• [EXERCISE OBJECTIVE] From the first line to the last, copy the listing exactly and omit the images.

• [DATASET SECTION]
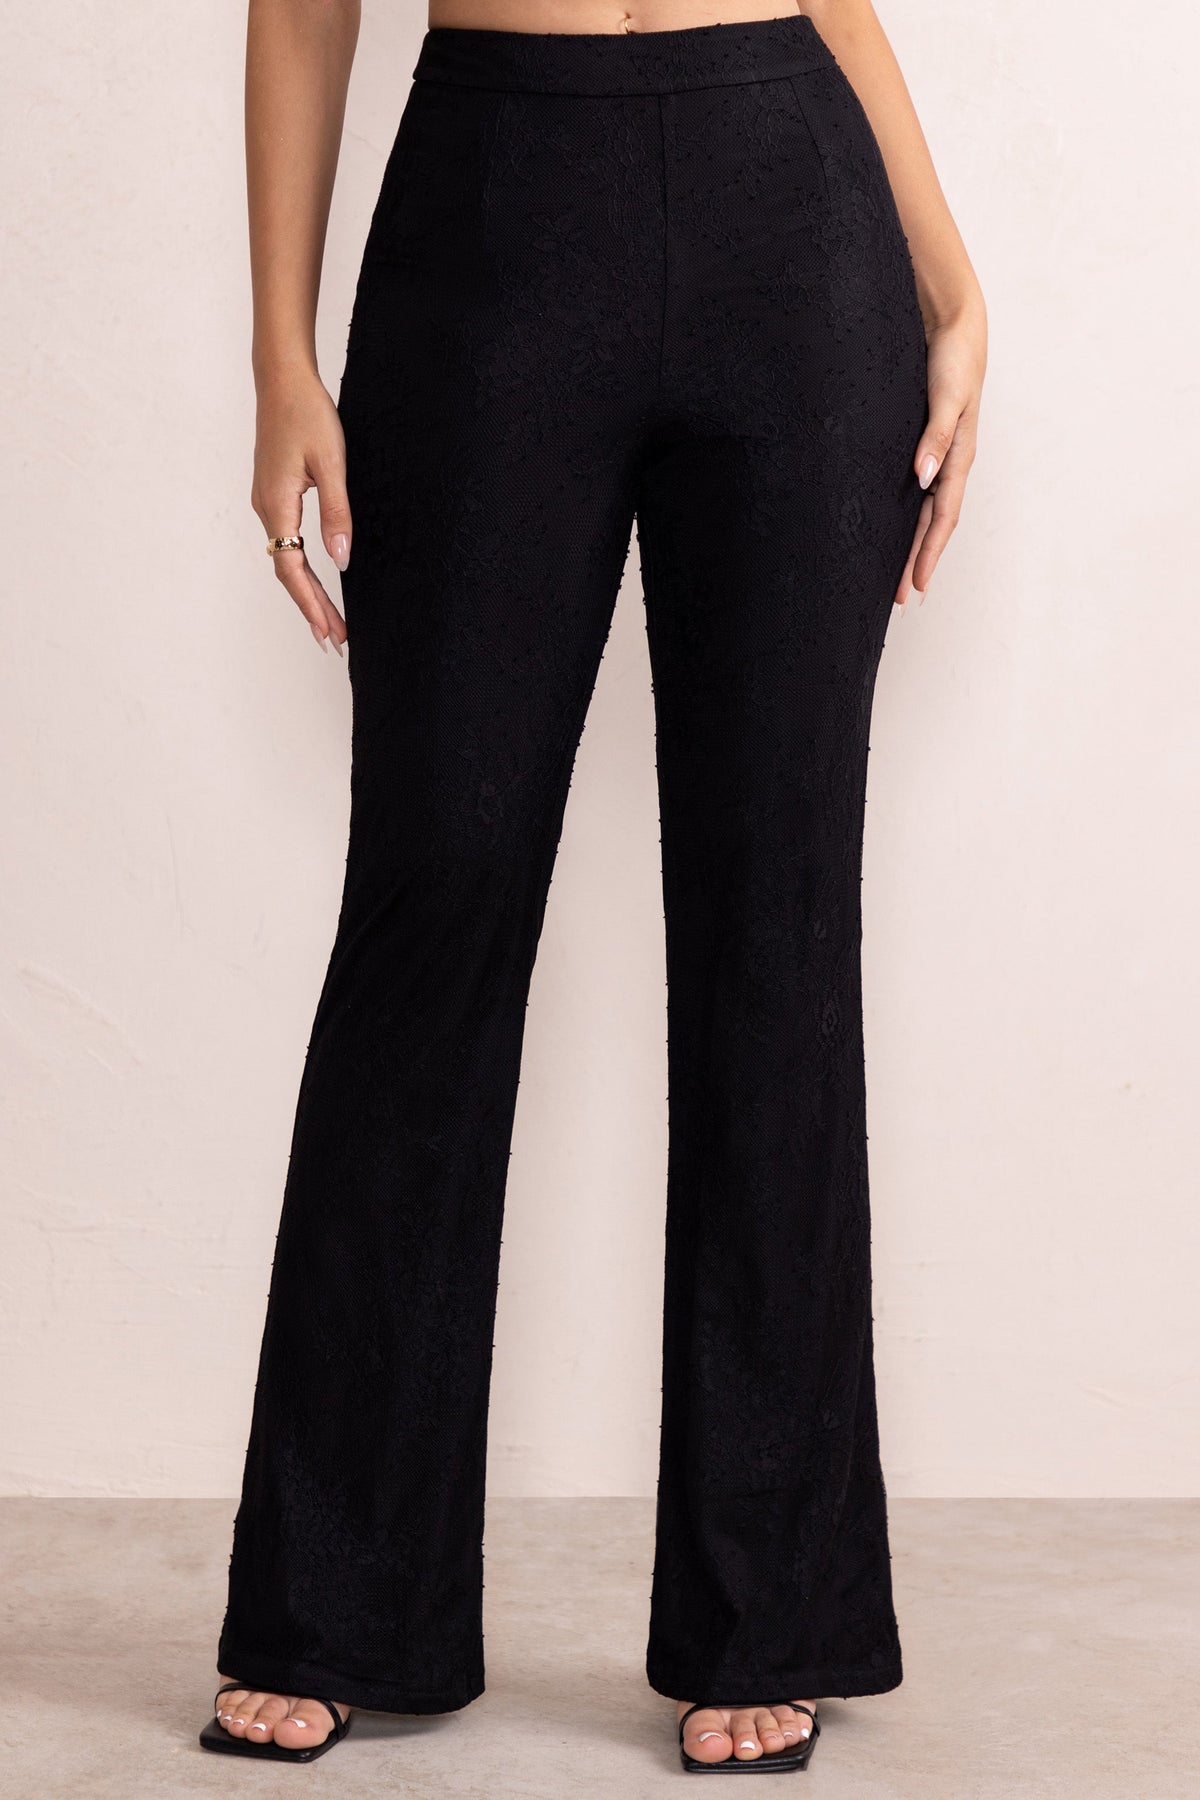 Buy Velvet Look Elastic Waistband Flared Pants Black For Women
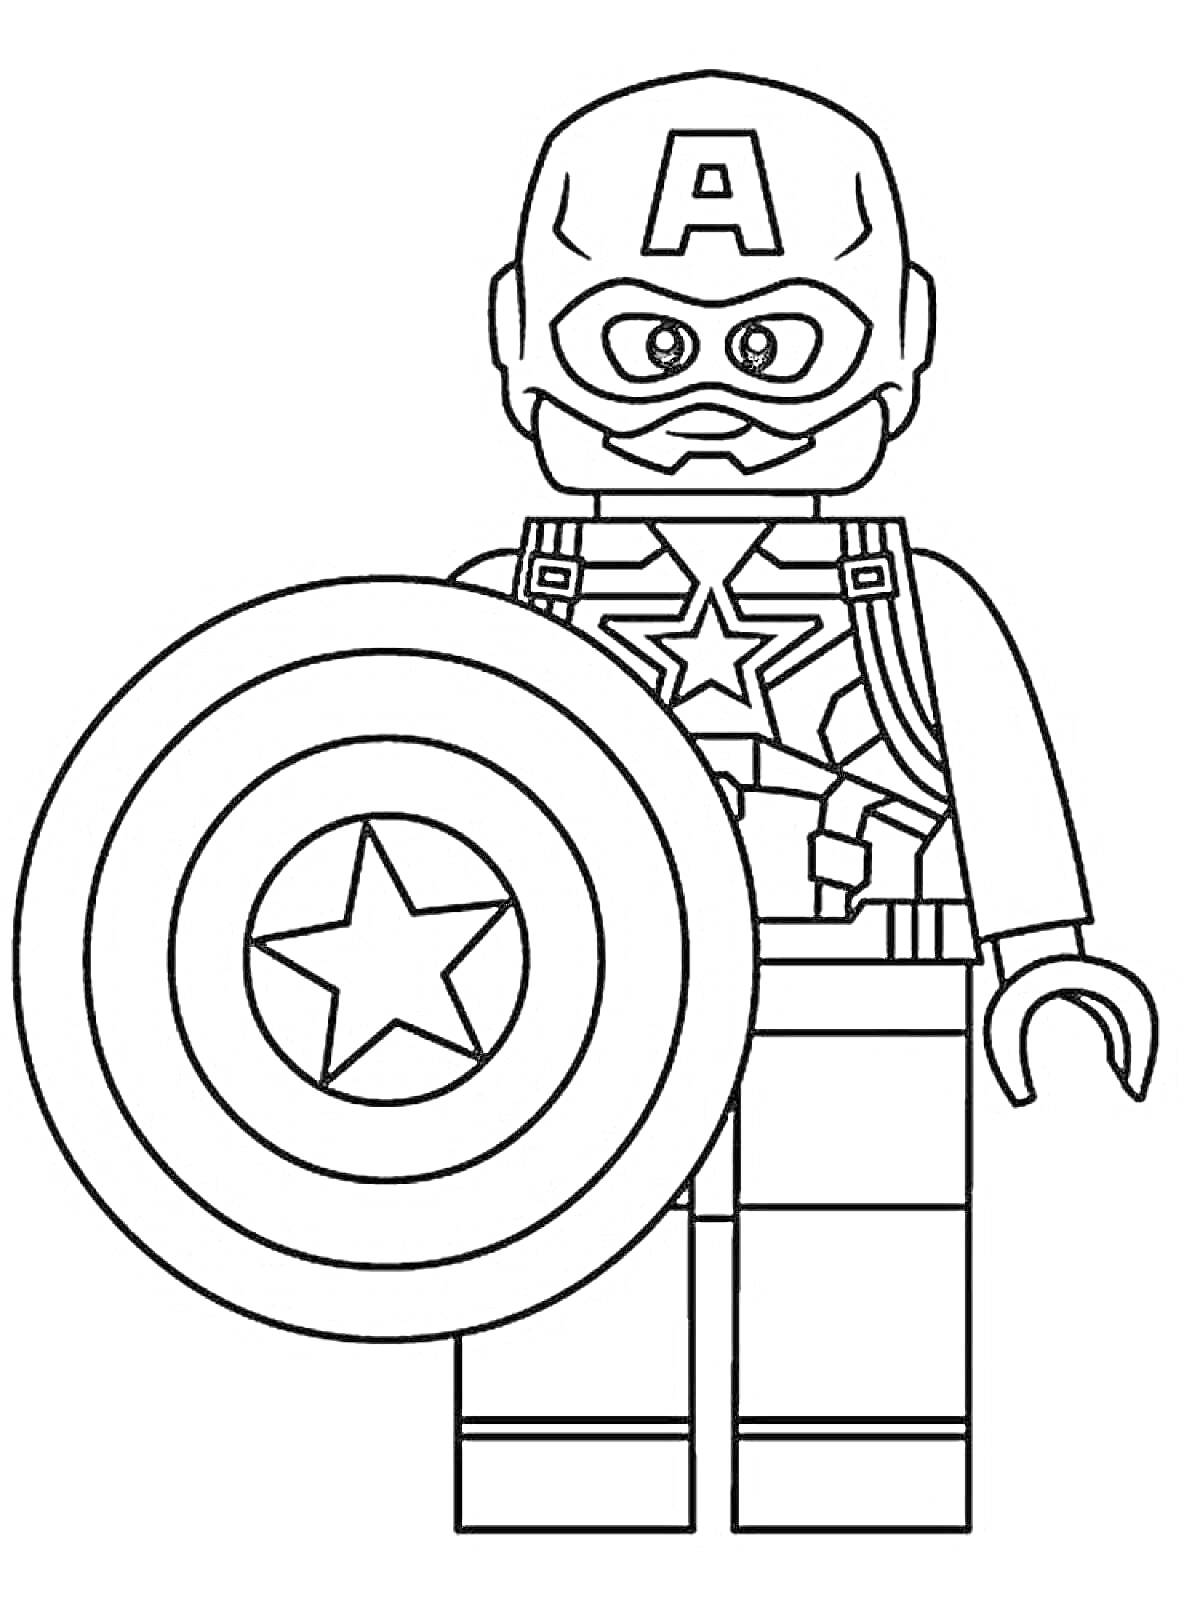 Раскраска Лего Капитан Америка с щитом и костюмом со звездой
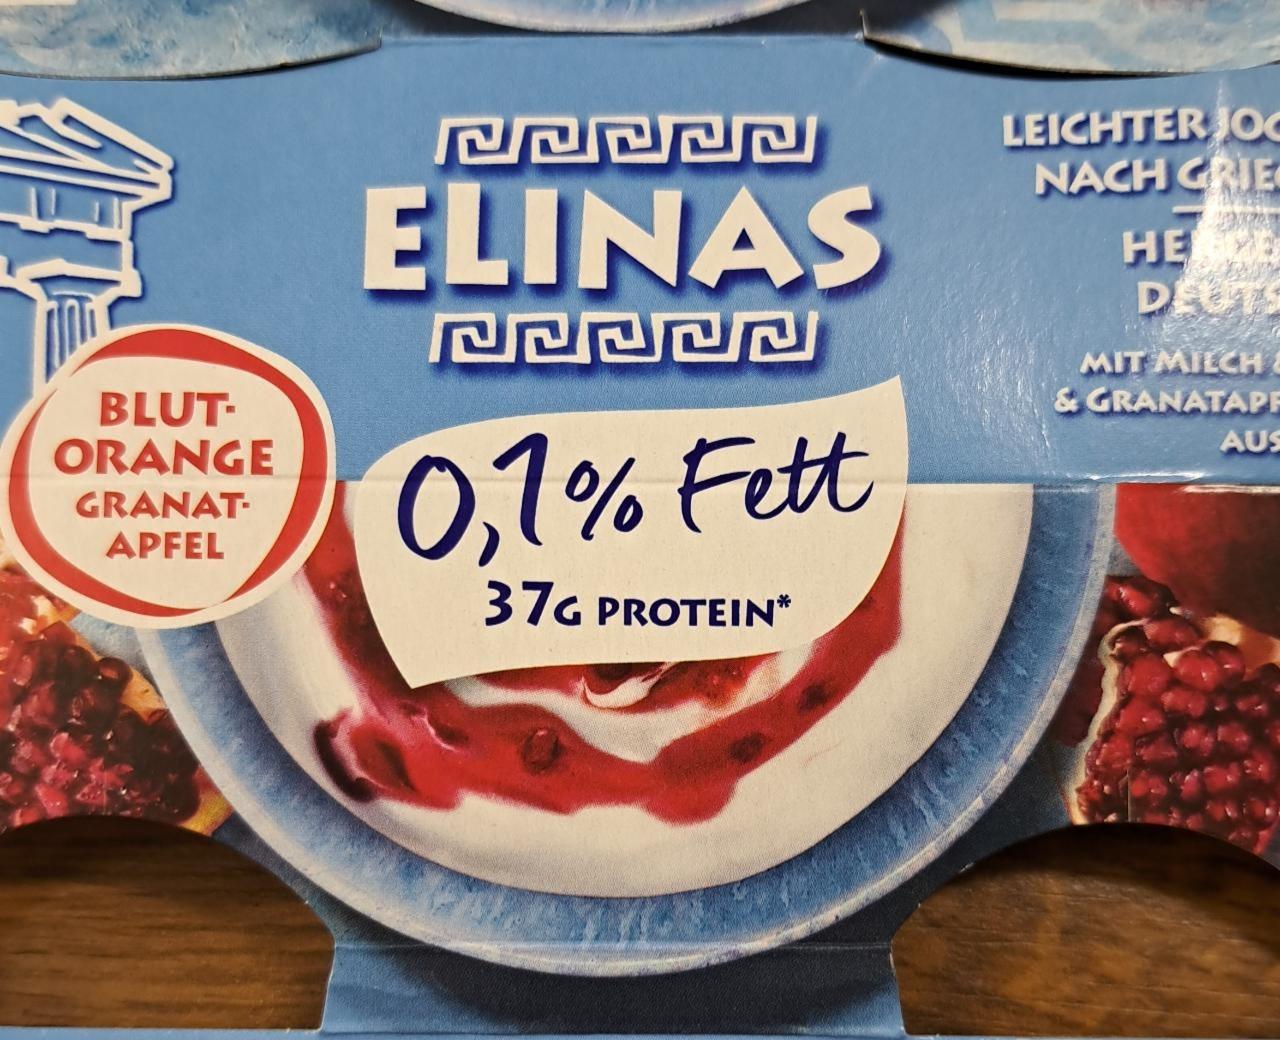 Fotografie - Joghurt nach Griechischer Art Blutorange Granatapfel 0,1% Fett Elinas
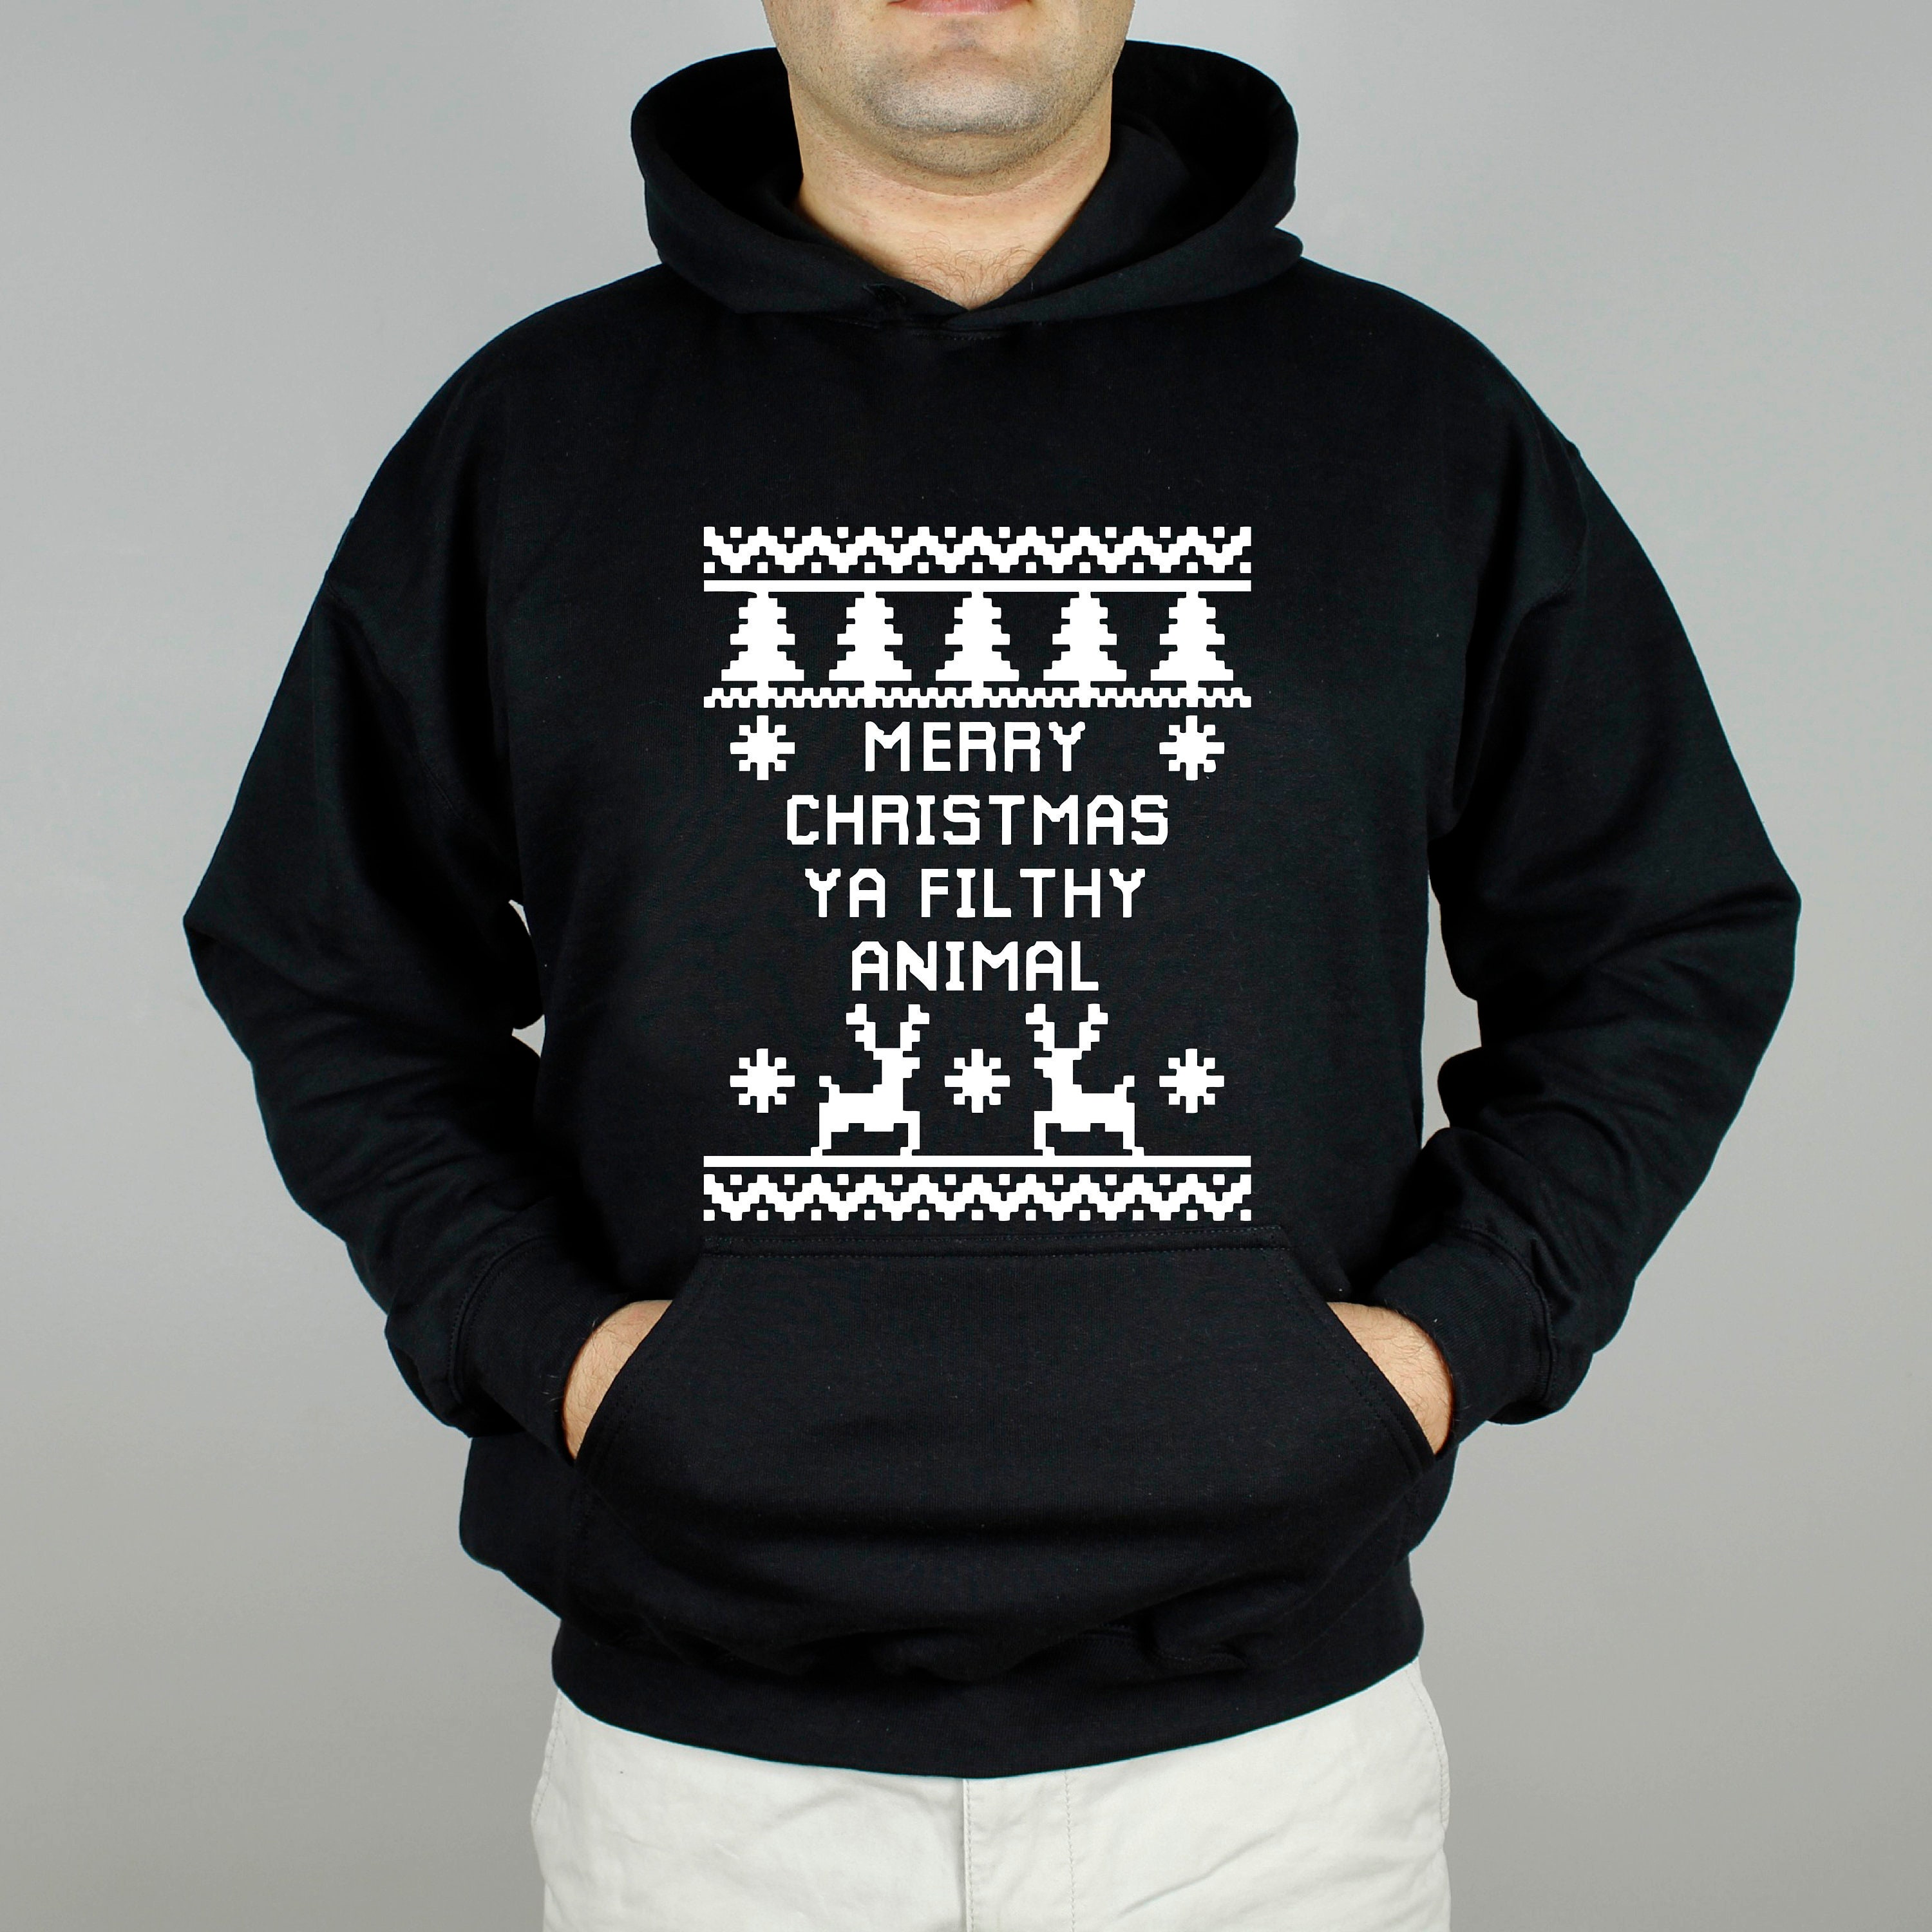 Discover Merry Christmas Ya Filthy Animal Sweatshirt,2022 Ugly Christmas Sweatshirt

• [RESPONSE BELOW]
 Buy Velvet Look Elastic Waistband Flared Pants Black For Women
 Раскраска Лего Капитан Америка с щитом и костюмом со звездой
 Fotografie - Joghurt nach Griechischer Art Blutorange Granatapfel 0,1% Fett Elinas
 Discover Merry Christmas Ya Filthy Animal Sweatshirt,2022 Ugly Christmas Sweatshirt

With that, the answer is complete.